Councilor Alvin Dizon asked Vinzon if he has seen the development plan for the proposed cemetery.

Vinzon said “no.”

“Then why do you conclude that trees will be cut down?” Dizon asked.

Dizon also asked if Vinzon has a study to back his claim of water contamination. Vinzon answered with another “no.”


Rep. Osmena said he can understand the distaste for living near a cemetery.

He said his own mother objected when he decided to allow Cosmopolitan funeral homes to operate in Nivel Hills. His mother had wanted to build a house near the area.

“I just said that we cannot have a city that will ban cemeteries like landfills.
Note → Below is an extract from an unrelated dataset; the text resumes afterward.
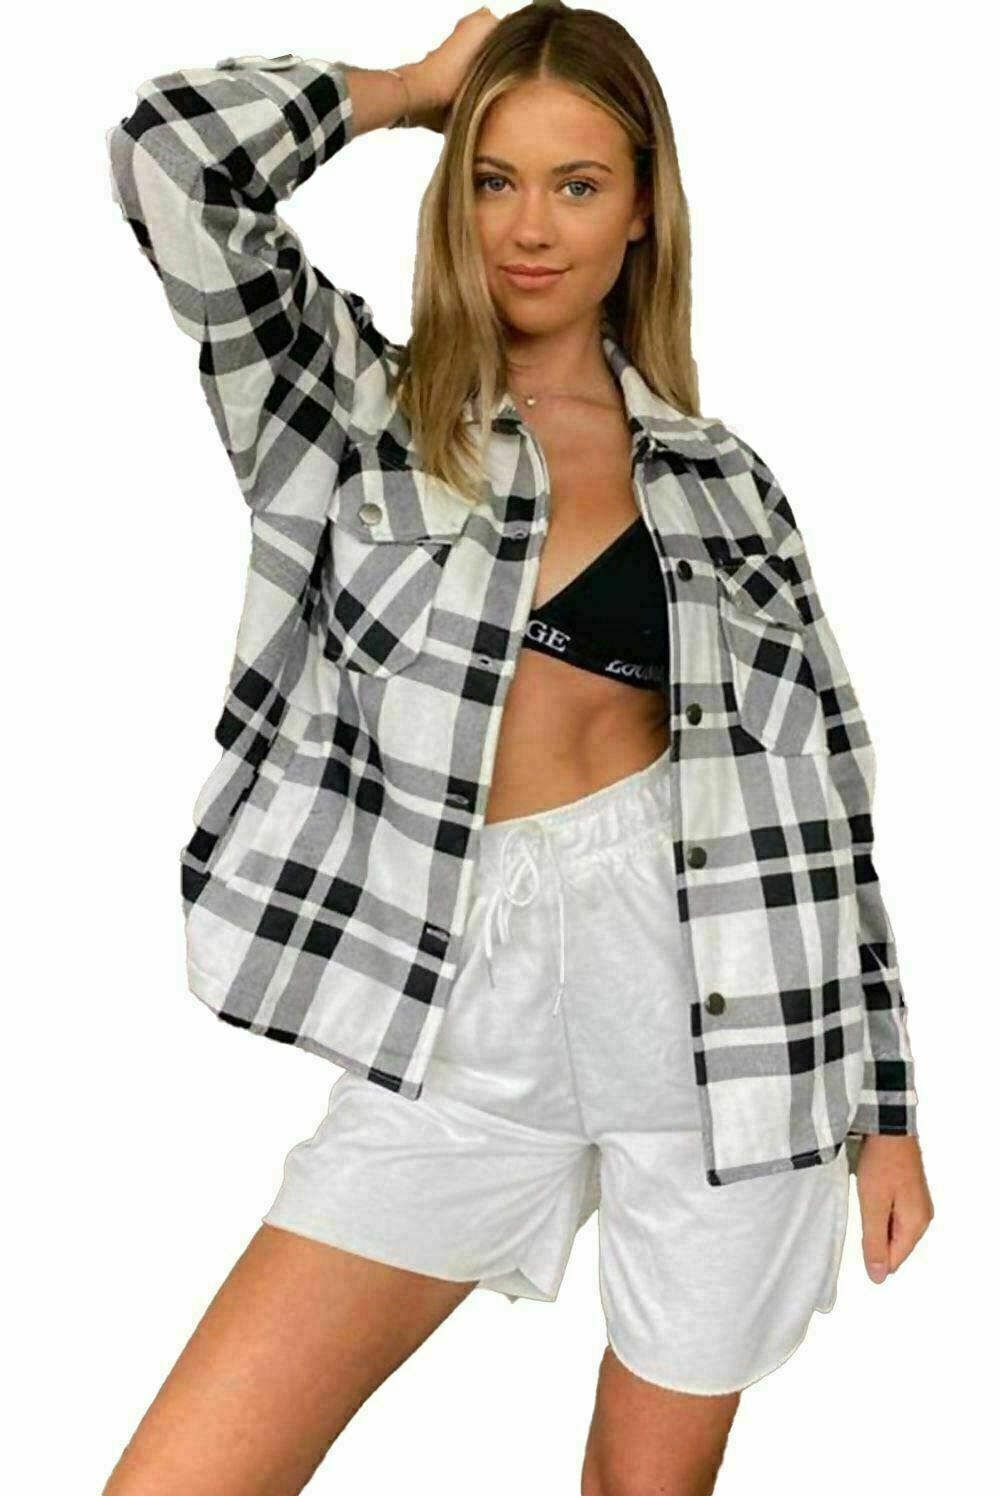 Ladies Oversized Shirt In A Black Check Design. Available In Sizes 4-8, 8-10, 12-14, 16-18. They Are Perfect To Wear Over A T-Shirt & Jeans As A Jacket.

Where will the people put its dead and garbage if we do not have a cemetery and landfill?”

Osmena said donating city land for a cemetery wasn’t new to him.

When he was mayor, the city donated two hectares in the mountain barangay of Guba for a Muslim cemetery.

The benefit, he said, was cooperation.

“We already see that the Christians and the Muslims are in harmony because we gave them a cemetery in the mountains,” he said.

Osmeña said the city has nothing to lose with the donation of the Osmeña Shrine lot because it has remained idle.

“Your city is not only a city government fort the Catholics. In a democracy the majority rules, but the minority also have rights. It is a responsibility of the city to protect the minority and to make them part of the community and not to be treated as second class,” he said.